28. Find the Index of the First Occurrence in a String

題目 / Problem

中文： 給定兩個字串 needle 和 haystack，回傳 needle 在 haystack 中第一次出現的索引；如果 needle 不是 haystack 的一部分，回傳 -1。

English: Given two strings needle and haystack, return the index of the first occurrence of needle in haystack, or -1 if needle is not part of haystack.

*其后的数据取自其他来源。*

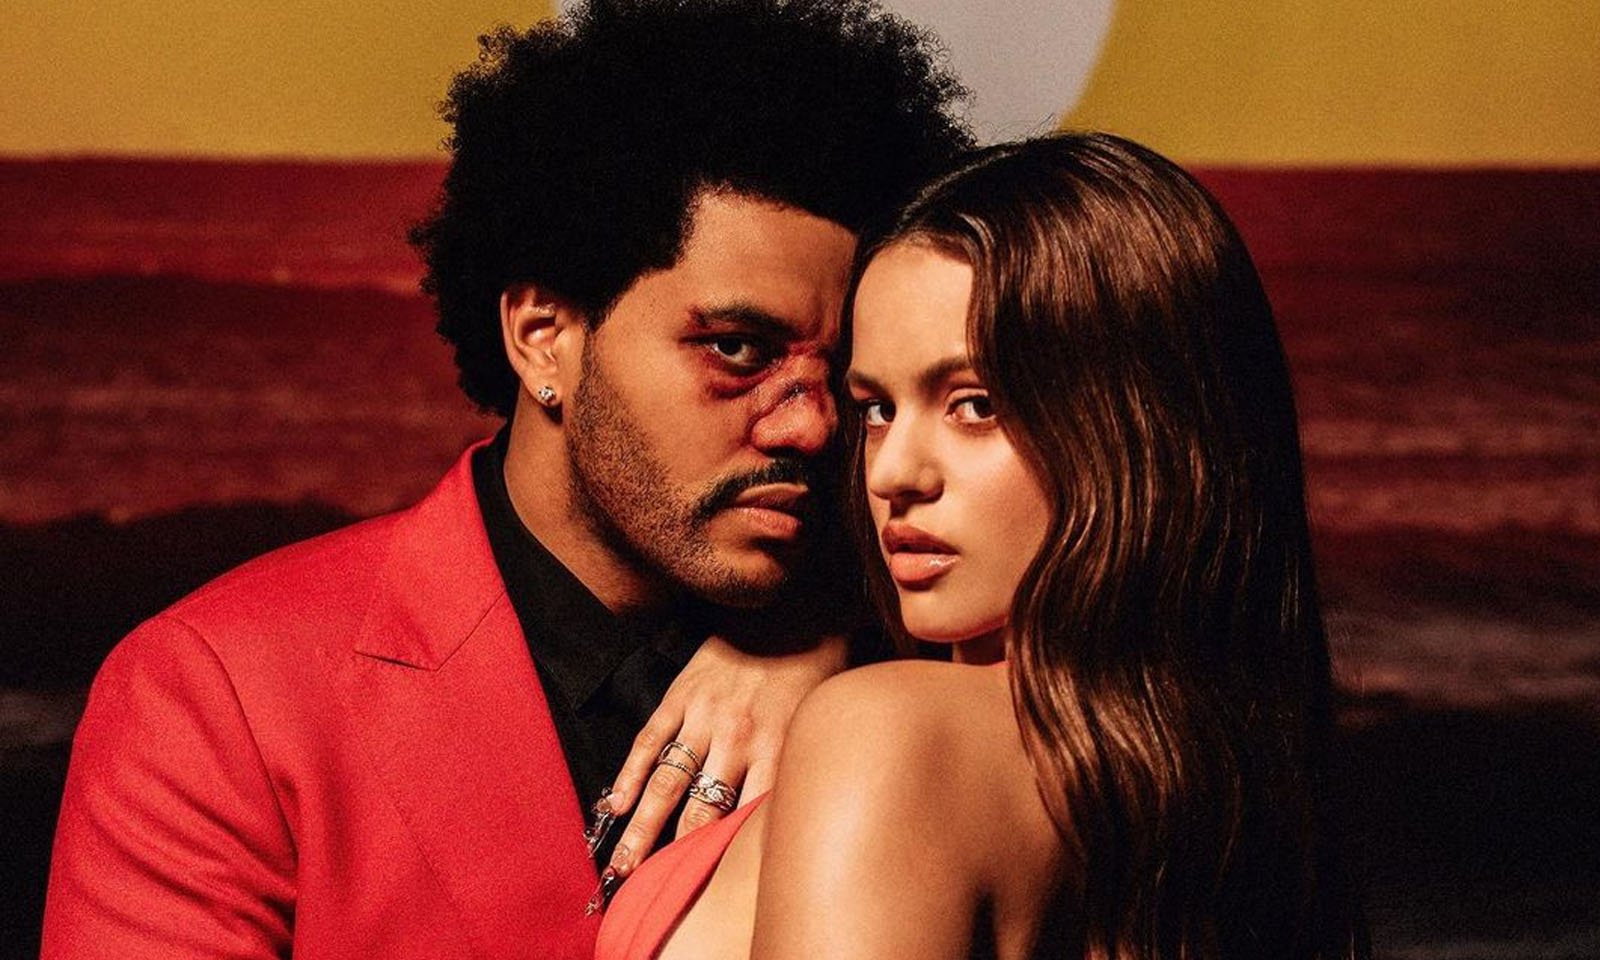 Rosalía pode cantar com The Weeknd no Super Bowl, diz revista
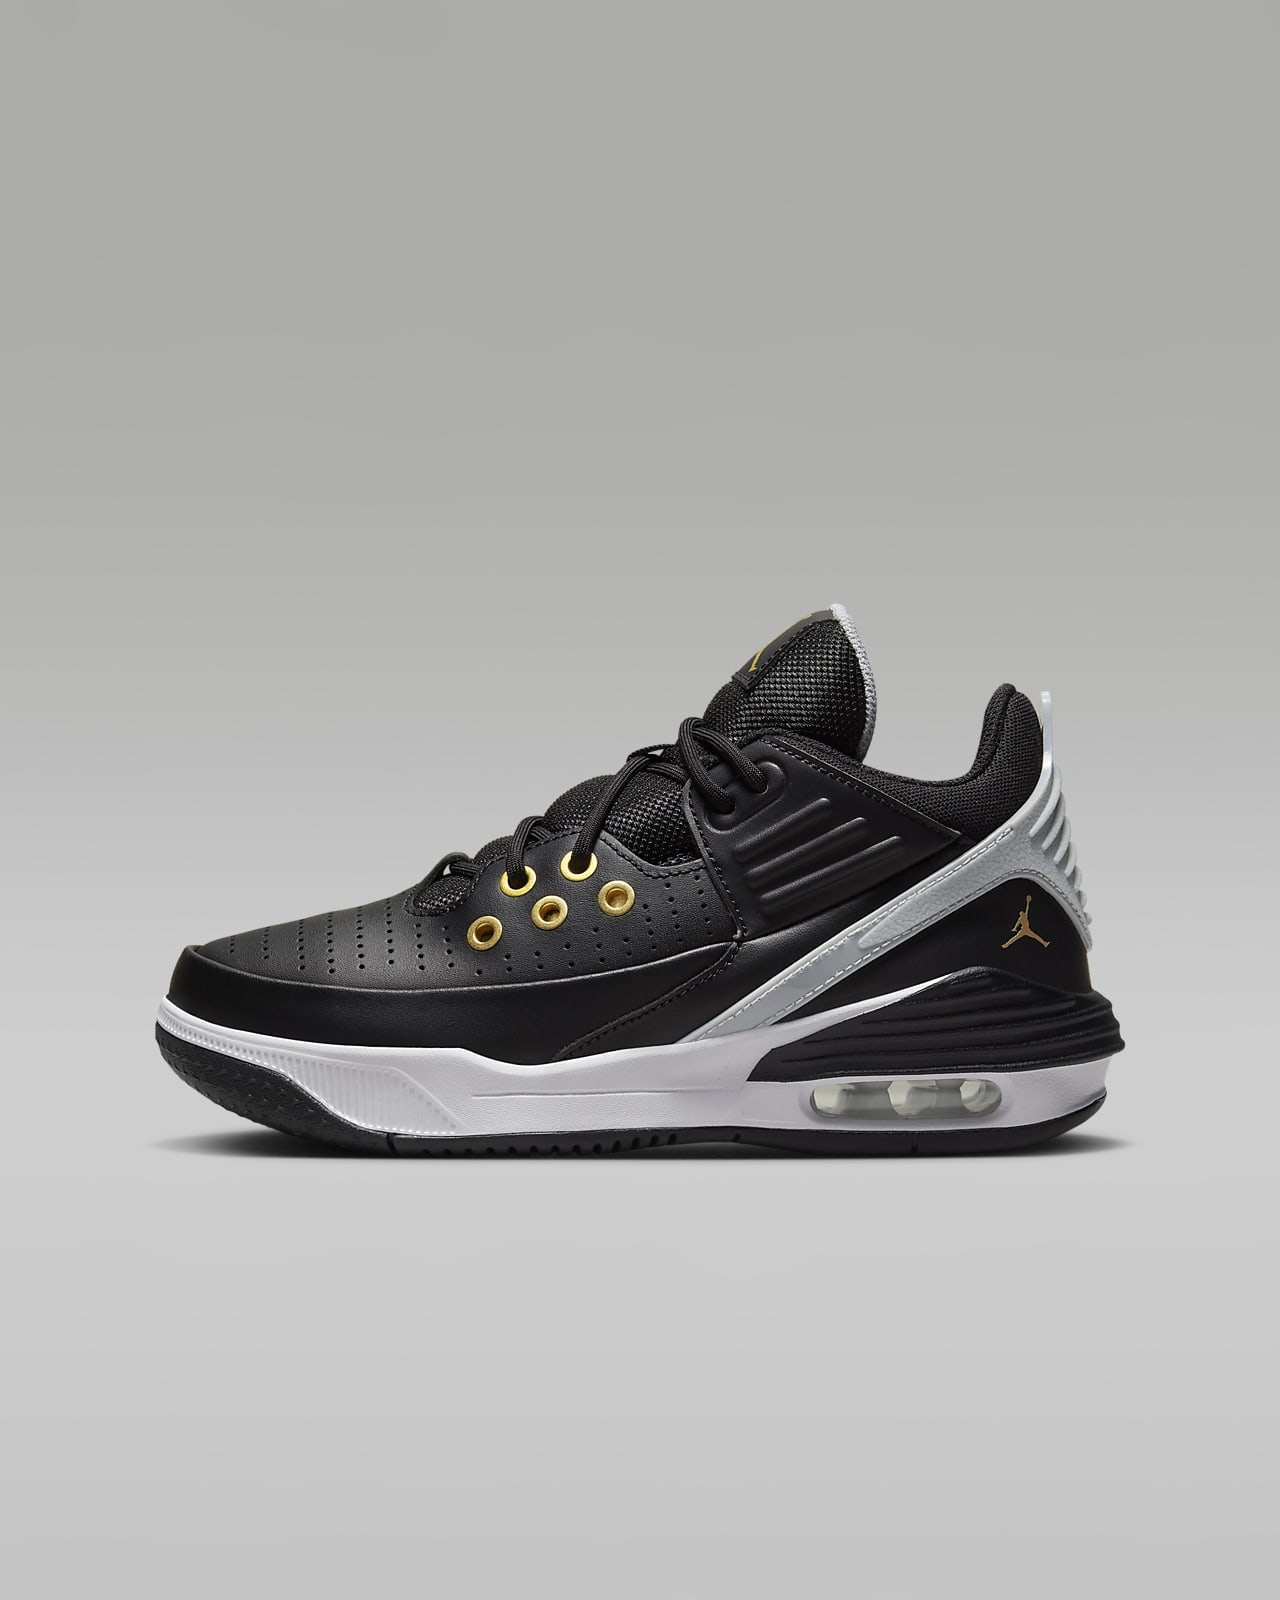 HOT] Louis Vuitton Gold Air Jordan 11 Sneakers

Constraints / 限制： - 1 <= haystack.length, needle.length <= 10^4 - haystack 和 needle 只包含小寫英文字母 / both consist of only lowercase English letters.

Example / 範例：

Input:  haystack = "sadbutsad", needle = "sad"
Output: 0
Explanation: "sad" 出現在索引 0 和 6，第一次出現的是 0。
             "sad" appears at indices 0 and 6; the first one is 0.

名詞解釋 / Glossary

子字串 / substring：一個字串中連續的一段字元。例如 "abc" 是 "xabcy" 的子字串，但 "axc" 不是（必須連續）。A contiguous slice of characters inside a larger string.
索引 / index：字串中字元的位置編號，從 0 開始。"sad"[0] 是 's'。Zero-based position of a character.
雙指針 / two pointers：用兩個整數變數分別追蹤兩個位置（這裡是 haystack 與 needle 的當前位置），透過比較與移動來解題。Two integer variables tracking positions in one or two arrays/strings; they advance based on the comparison logic.
暴力法 / brute force：直接列舉所有可能的起始位置，逐一驗證。簡單但通常較慢。Try every possible starting position and verify; simple but often slow.
strlen / string length：C 標準函式，回傳以 '\0' 結尾的字串長度，需要掃過整個字串，是 O(n) 操作，所以我們把它存進變數而不是反覆呼叫。strlen walks the string to find the null terminator; cache it instead of calling it inside loops.
std::string::substr / 取子字串：C++ 中 s.substr(i, len) 回傳從 i 開始長度為 len 的子字串，會分配新記憶體。Allocates a fresh substring of given length starting at index i.

思路

這題本質上是「在大字串中找小字串」，也就是經典的字串匹配問題。最直觀的暴力法是：對 haystack 的每一個可能起點 i，去比較 haystack[i..i+m-1] 是否等於 needle（m 是 needle 的長度）。如果一路相等就回傳 i，否則 i 往後挪一格繼續試。一個小但重要的優化是：i 只需要枚舉到 n - m（n 是 haystack 長度），因為從更後面開始的話，剩餘字元根本不夠長，不可能匹配，這也順便避免越界讀取。雖然這個方法最壞情況是 O(n * m)，但在本題 n, m <= 10^4 的限制下，加上字串只有小寫字母，匹配通常很快就會失敗並提早跳出，實際表現完全足夠。更進階的 KMP / Z-function 可以做到 O(n + m)，但對初學者來說，先掌握雙指針暴力法的正確性與邊界條件更重要。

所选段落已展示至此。